Start at the line in the entries below that contains "Camera obscura in Manhattan apartment", stop at the line that contains "Big Buddha Clutch", and output exactly the lines in that span, both ends included.

### EXERCISE MATERIAL
▶
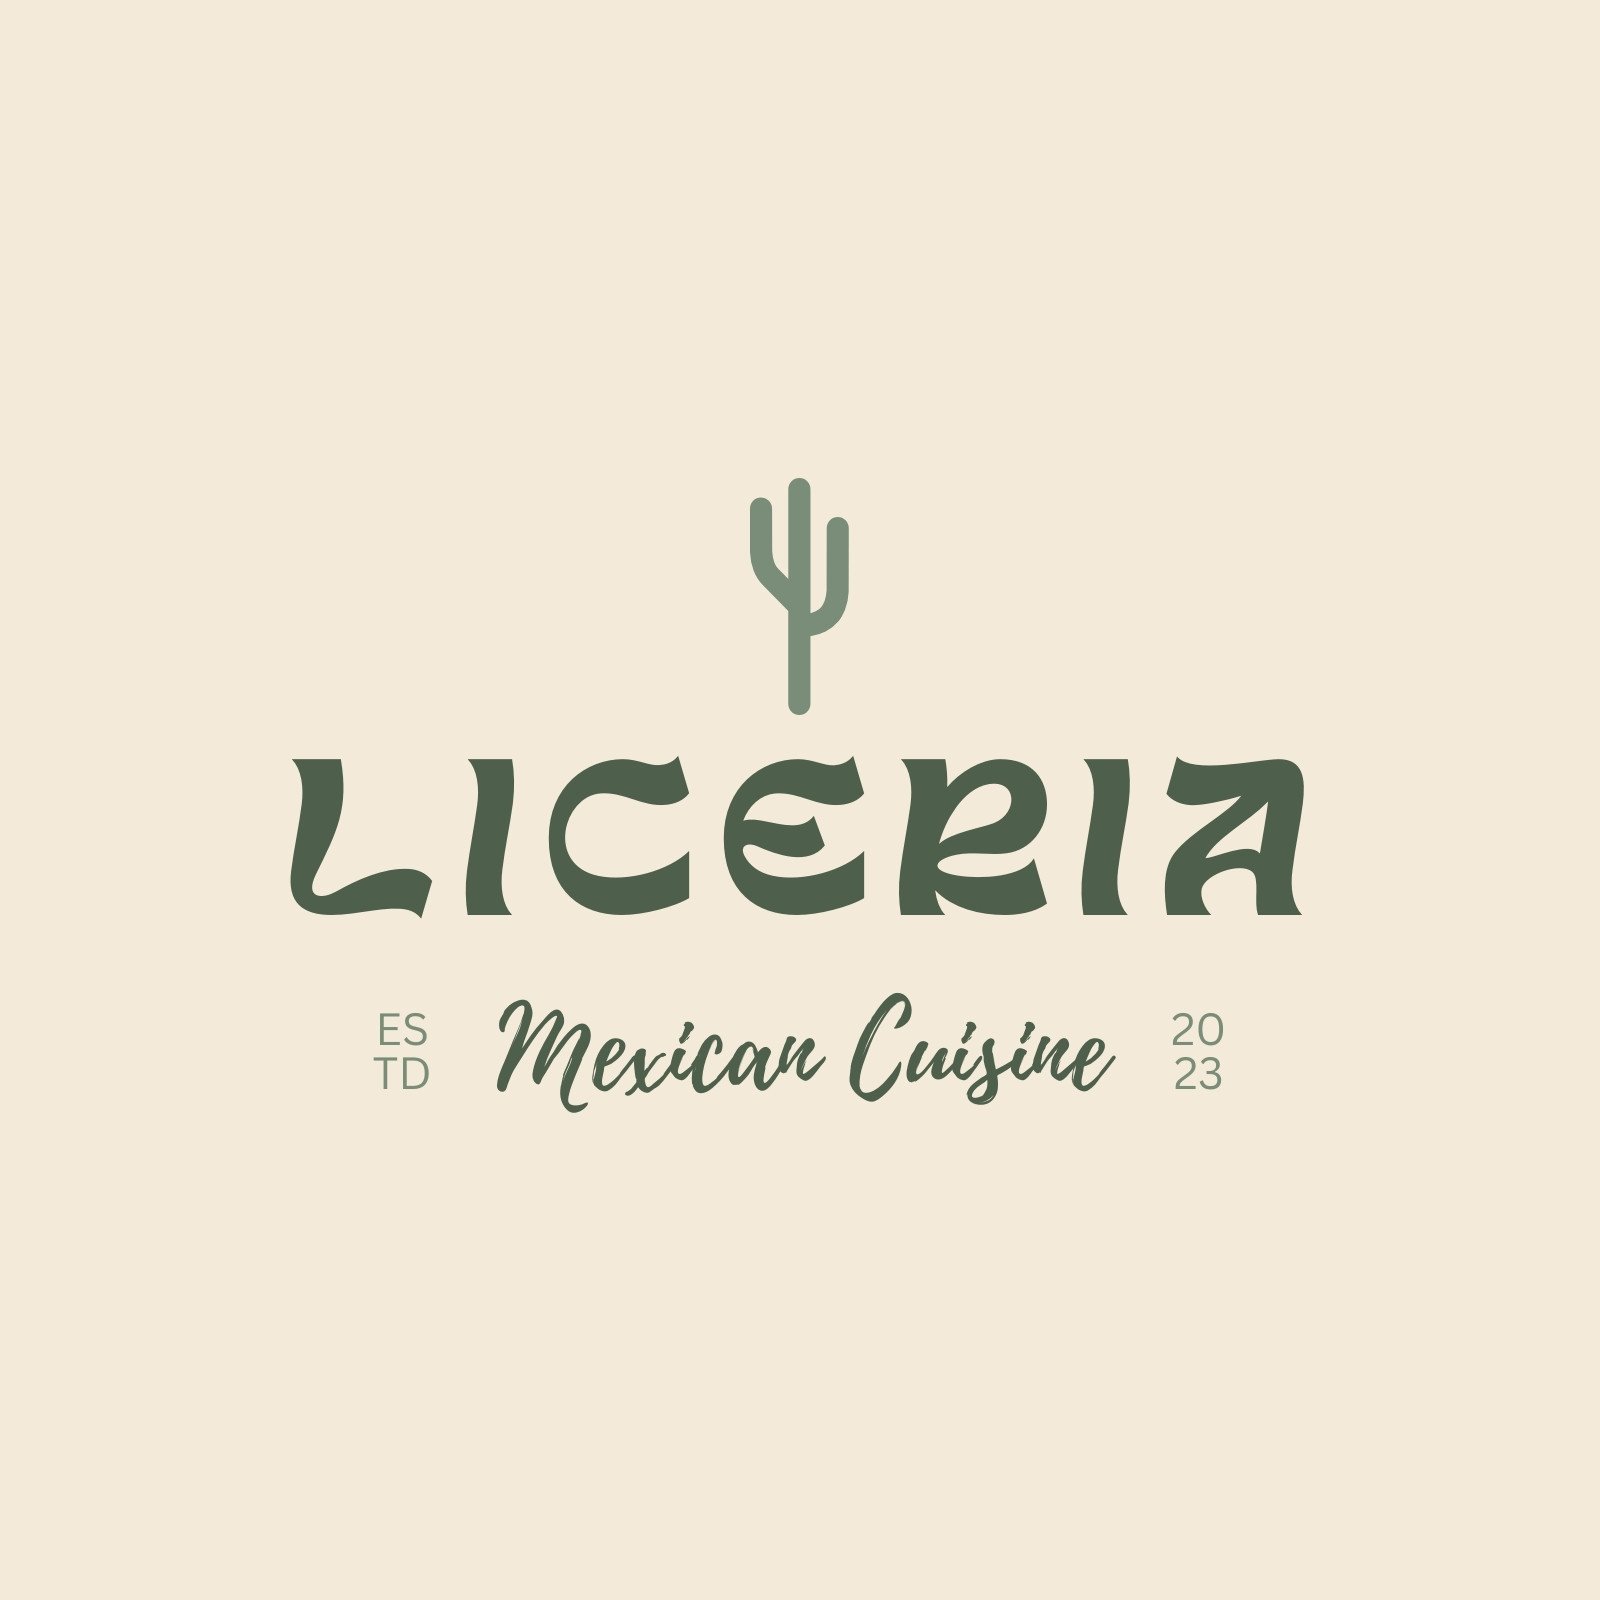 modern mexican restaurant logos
◀
▶
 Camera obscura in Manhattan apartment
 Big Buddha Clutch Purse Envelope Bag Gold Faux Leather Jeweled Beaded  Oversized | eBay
◀
▶
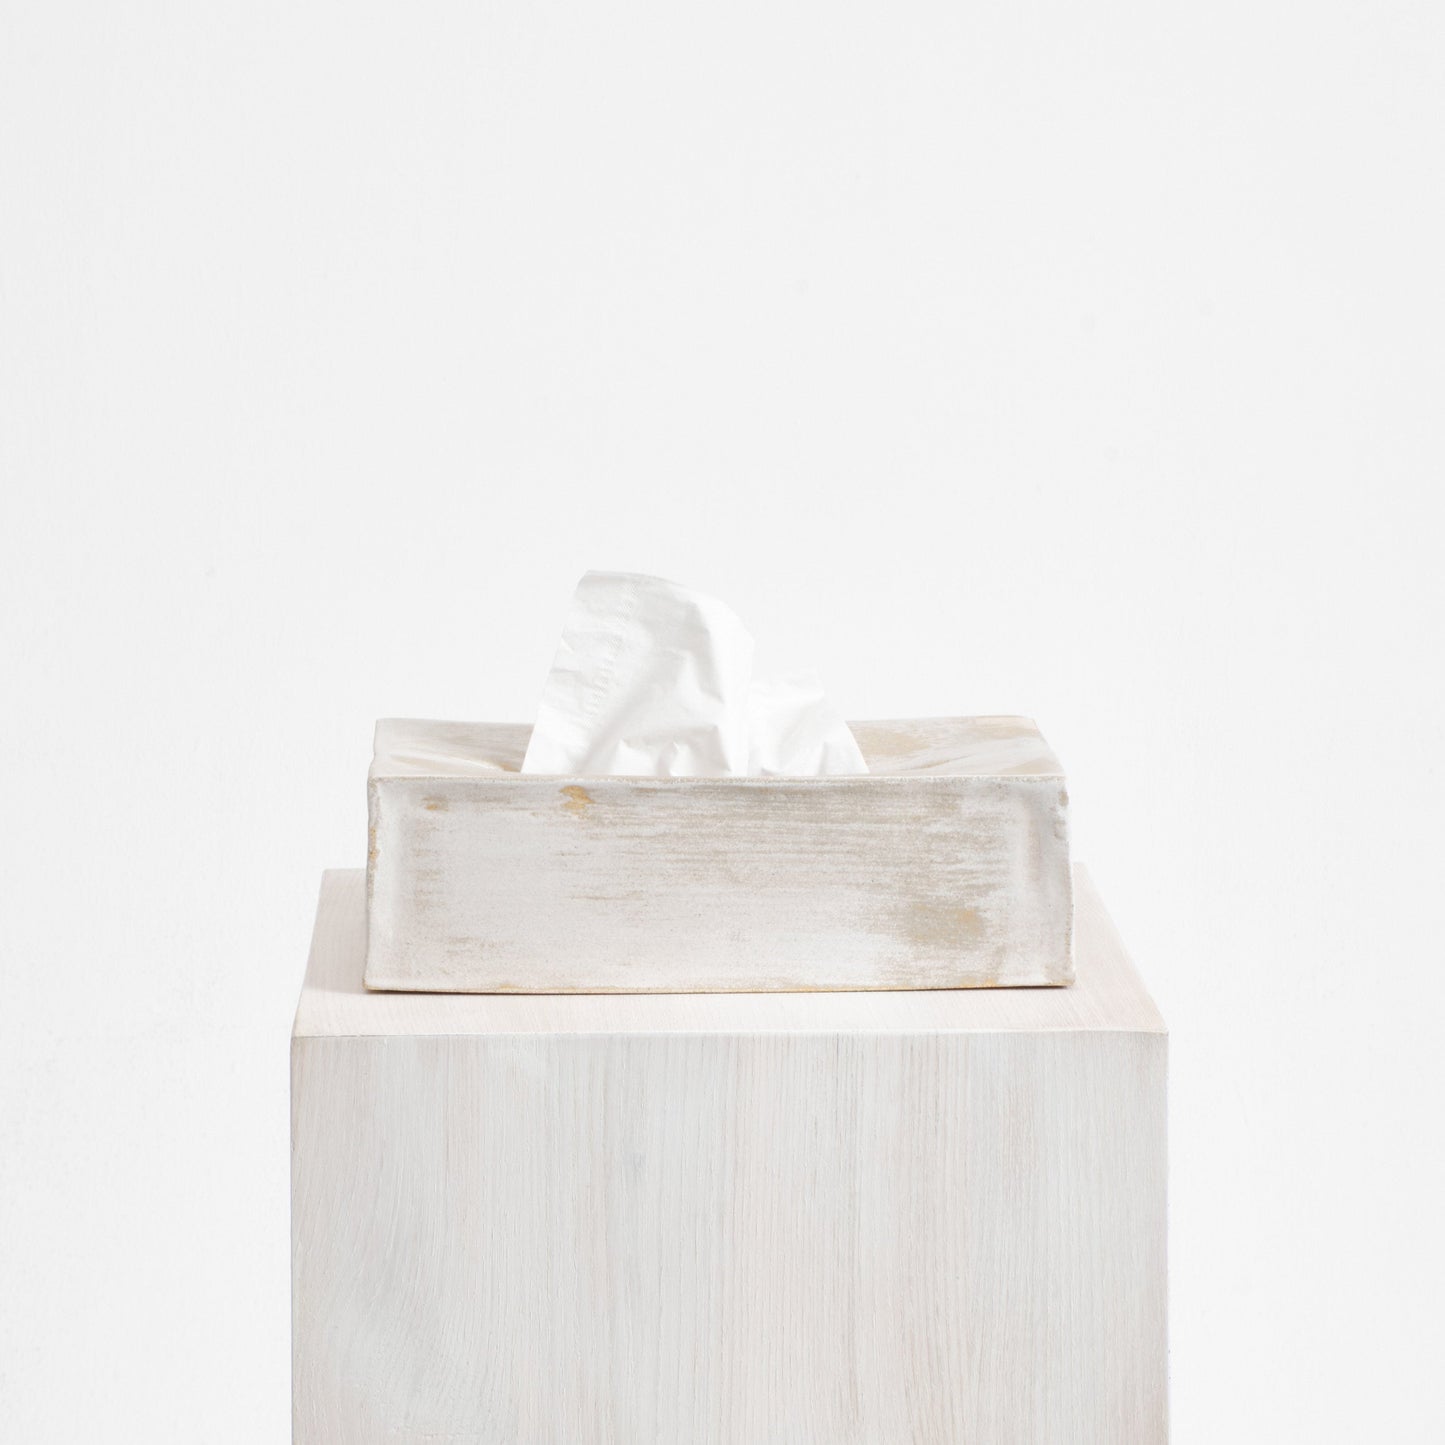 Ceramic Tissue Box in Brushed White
◀
### RESULT OF THIS EXERCISE
 Camera obscura in Manhattan apartment
 Big Buddha Clutch Purse Envelope Bag Gold Faux Leather Jeweled Beaded  Oversized | eBay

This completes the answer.